Retrieval-augmented generation augments a large language model with updated data from external sources, allowing it to generate better-informed responses. In RAG, the language model is connected to an external knowledge base or search engine to retrieve live data. This allows the model to find current information relevant to a query and incorporate it into its response, with citations. Grounding a model in external data which ties a model's answers to its retrieved sources helps reduce the frequency of hallucinations and improves output accuracy. The external knowledge base might be outdated or contain biases, however, which may lead to incorrect information (or hallucinations). Google's AI Overviews has made false claims and provided unreliable results, since the model may misinterpret the sources it fetched or fail to retrieve high-quality sources. Retrieval alone cannot fully compensate for an outdated knowledge cutoff; the model's fundamental understanding is rooted in its training data. This can be mitigated with techniques such as reinforcement learning from human feedback, which aligns an AI model with human preferences; this technique can enhance the quality and reliability of a large language model's responses.

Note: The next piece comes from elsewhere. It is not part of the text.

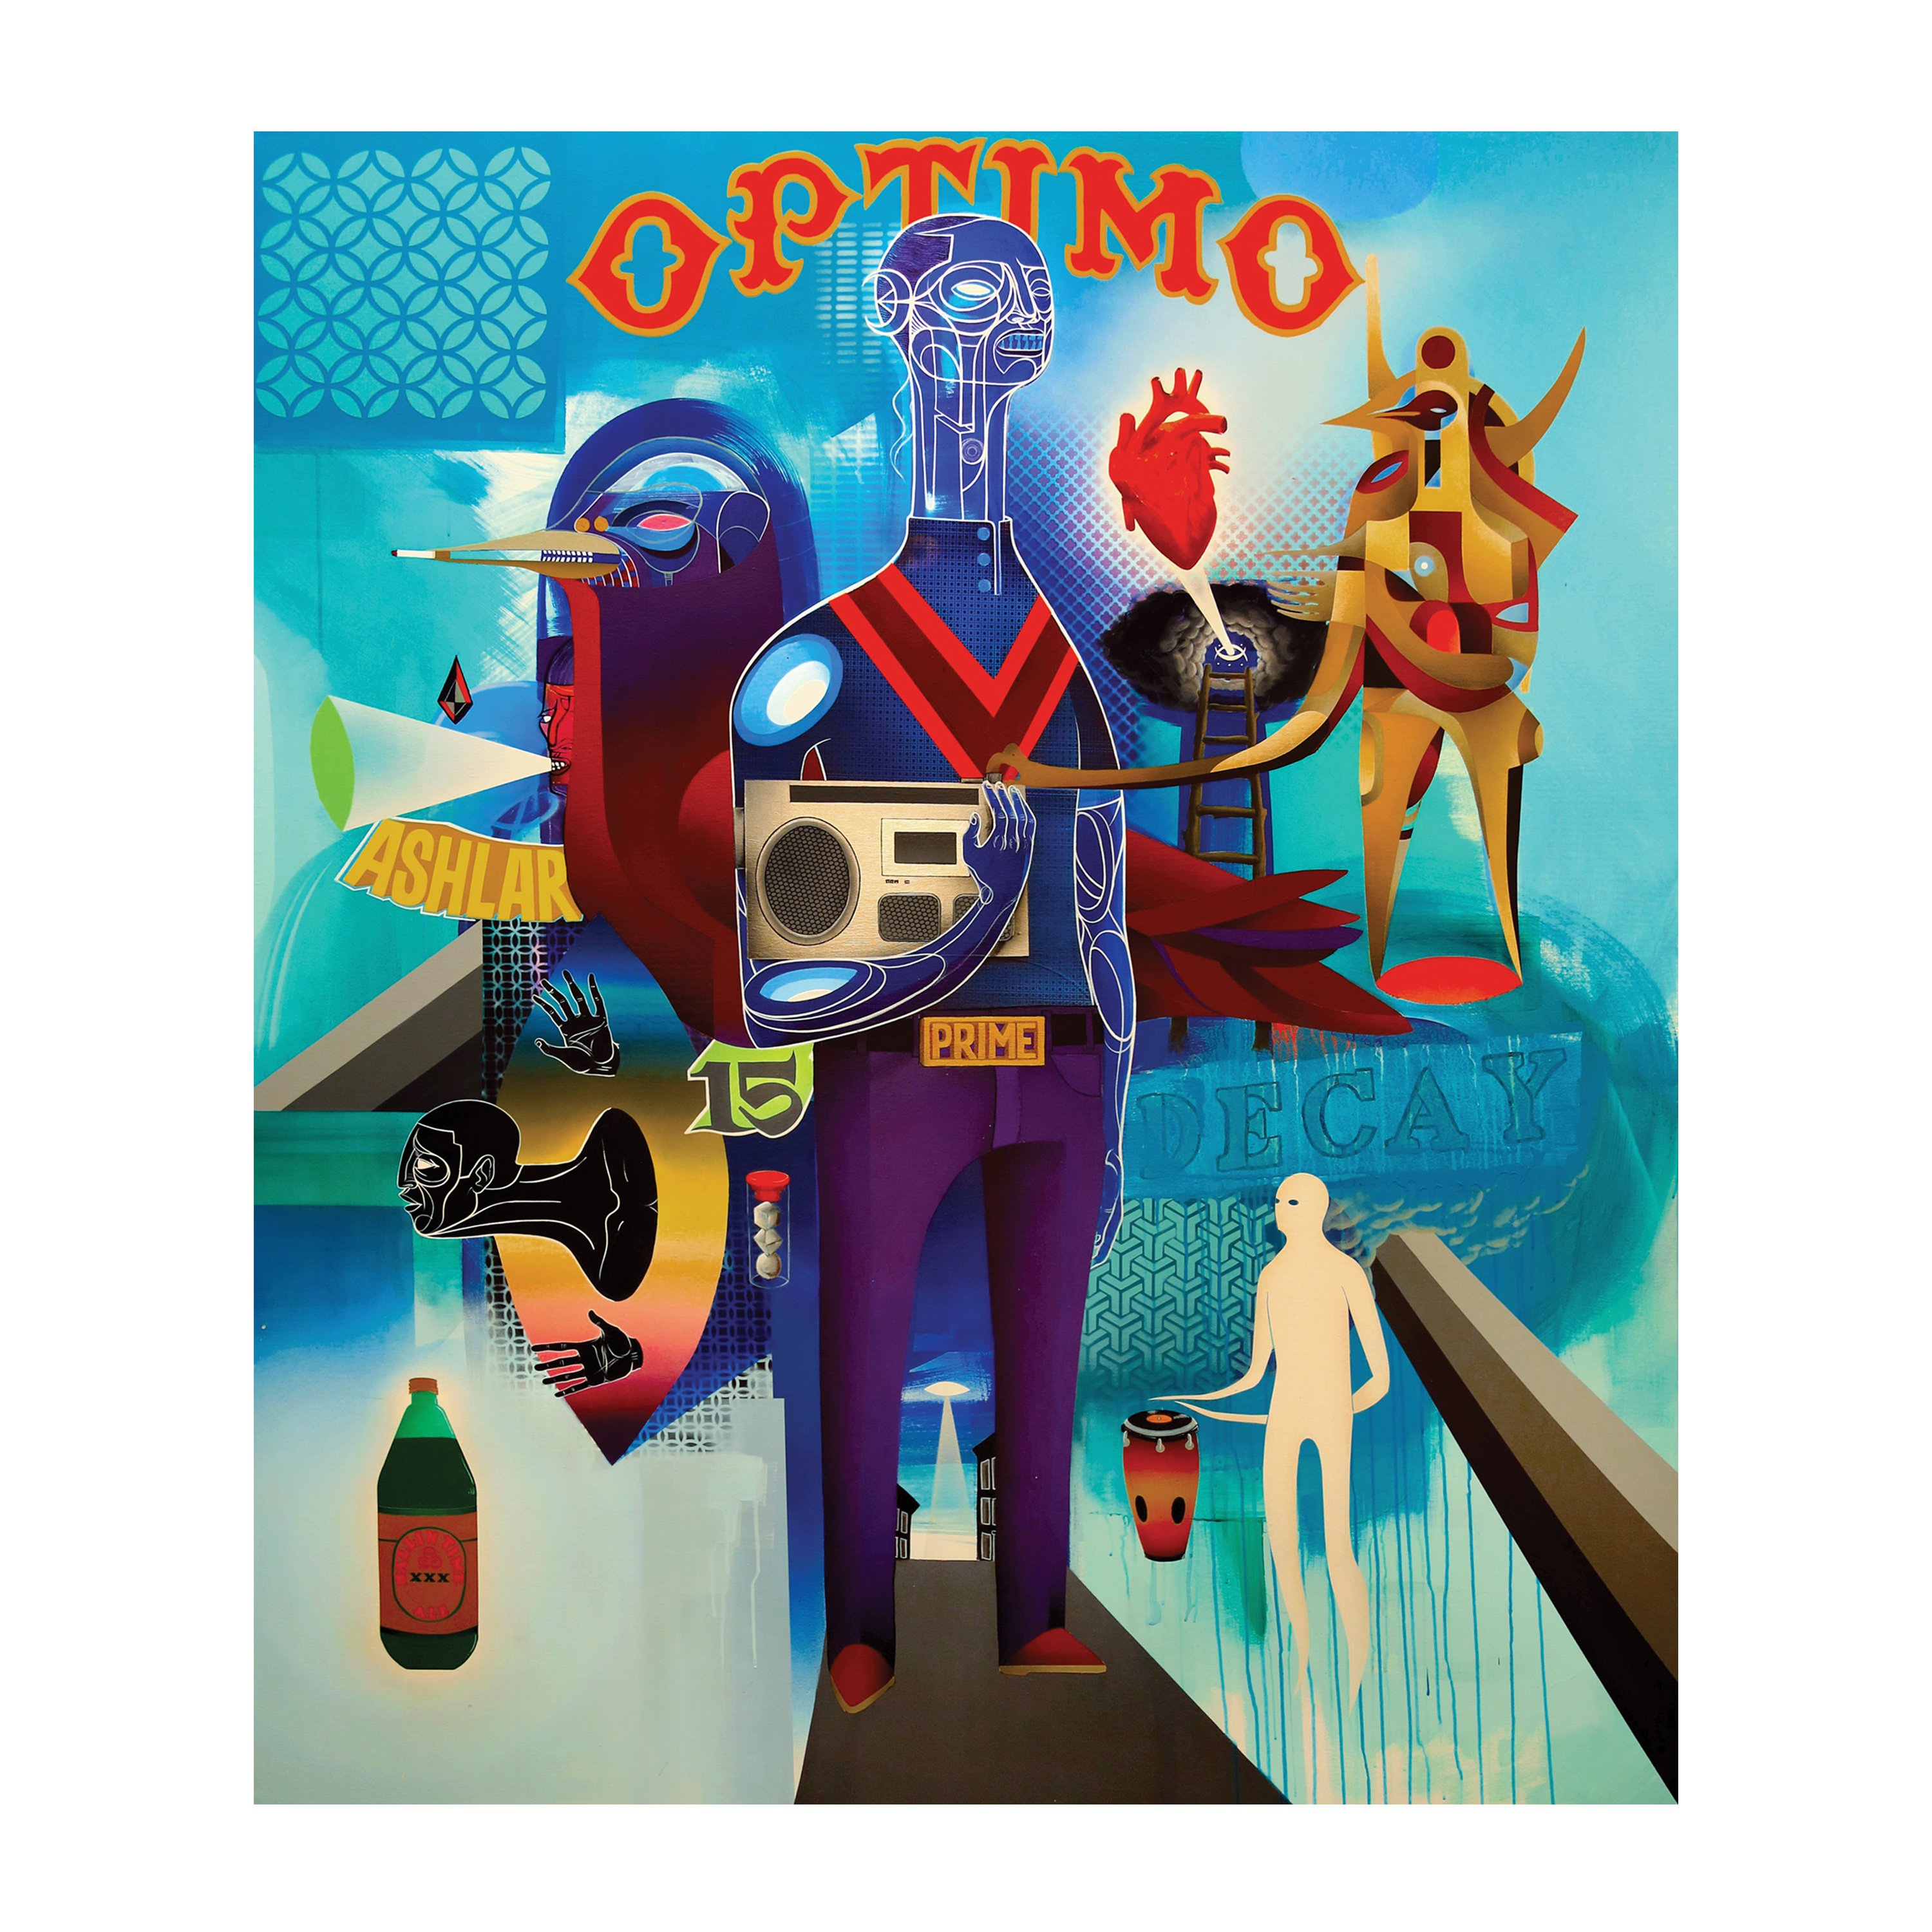 OPTIMO Acrylic and spray on canvas 2015, 70” x 60”

===Incremental learning===

Another approach is incremental learning (or continual learning), a method of machine learning in which new data is continuously used to extend the existing model's knowledge. It aims to prevent catastrophic forgetting, where AI abruptly forgets what it has learned. In practice, however, it often fails to prevent catastrophic forgetting completely. This technique allows efficient, incremental updates to a model without the cost of a full retraining cycle. One continual-learning technique is fine-tuning, which allows AI labs to precisely adjust a model's behavior. A more efficient method of fine-tuning involves methods such as Low-Rank Adaptation. This does not provide real-time awareness, however, since adding modules to the system may result in catastrophic forgetting as the weights in the model become biased in favor of the new data set.